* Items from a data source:
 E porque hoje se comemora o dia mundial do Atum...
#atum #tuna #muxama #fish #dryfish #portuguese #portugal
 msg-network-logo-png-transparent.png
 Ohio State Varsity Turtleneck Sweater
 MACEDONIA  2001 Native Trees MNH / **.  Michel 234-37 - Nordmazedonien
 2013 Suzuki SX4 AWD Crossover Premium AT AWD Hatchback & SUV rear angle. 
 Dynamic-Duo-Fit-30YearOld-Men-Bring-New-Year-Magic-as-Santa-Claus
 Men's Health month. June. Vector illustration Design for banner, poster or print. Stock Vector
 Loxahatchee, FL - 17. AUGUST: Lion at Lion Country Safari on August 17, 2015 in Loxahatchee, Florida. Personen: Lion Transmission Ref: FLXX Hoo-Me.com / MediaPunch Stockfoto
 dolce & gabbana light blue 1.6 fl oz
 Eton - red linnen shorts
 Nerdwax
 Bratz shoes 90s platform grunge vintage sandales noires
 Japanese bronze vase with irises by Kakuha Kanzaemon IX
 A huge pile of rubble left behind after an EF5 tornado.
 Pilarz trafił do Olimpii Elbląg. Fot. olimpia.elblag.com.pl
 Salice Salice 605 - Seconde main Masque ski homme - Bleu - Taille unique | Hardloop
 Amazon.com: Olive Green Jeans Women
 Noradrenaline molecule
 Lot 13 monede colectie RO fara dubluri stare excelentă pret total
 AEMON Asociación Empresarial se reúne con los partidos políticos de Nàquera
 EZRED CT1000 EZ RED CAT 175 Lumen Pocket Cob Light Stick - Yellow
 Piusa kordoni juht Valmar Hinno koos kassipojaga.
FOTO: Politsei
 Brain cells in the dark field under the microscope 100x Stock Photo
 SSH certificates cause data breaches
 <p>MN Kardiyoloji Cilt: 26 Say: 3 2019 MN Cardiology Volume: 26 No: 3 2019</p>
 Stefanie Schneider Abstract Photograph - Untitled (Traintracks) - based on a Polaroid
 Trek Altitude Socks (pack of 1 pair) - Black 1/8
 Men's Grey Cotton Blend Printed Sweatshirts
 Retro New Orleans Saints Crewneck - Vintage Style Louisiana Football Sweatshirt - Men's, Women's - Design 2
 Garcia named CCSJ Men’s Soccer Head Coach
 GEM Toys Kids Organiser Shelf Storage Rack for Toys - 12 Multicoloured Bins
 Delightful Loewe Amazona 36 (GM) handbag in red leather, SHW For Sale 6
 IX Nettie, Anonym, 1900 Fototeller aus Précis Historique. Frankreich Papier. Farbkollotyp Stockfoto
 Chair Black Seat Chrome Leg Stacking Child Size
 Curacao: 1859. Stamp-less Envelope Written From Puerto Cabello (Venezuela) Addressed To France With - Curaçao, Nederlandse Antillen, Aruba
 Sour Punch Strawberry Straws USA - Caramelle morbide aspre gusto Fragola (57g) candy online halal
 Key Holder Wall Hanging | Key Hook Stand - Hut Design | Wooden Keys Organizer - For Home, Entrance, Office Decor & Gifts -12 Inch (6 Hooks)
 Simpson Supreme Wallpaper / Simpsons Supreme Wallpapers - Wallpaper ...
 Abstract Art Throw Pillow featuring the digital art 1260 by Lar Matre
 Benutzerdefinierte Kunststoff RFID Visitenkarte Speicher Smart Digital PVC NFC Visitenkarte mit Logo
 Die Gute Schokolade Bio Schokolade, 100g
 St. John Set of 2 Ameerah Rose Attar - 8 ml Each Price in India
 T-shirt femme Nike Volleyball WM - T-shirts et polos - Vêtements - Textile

* Work to complete: The answer is a number alone: how many lines of the data contain the string "Women"?

* Solution to this problem: 2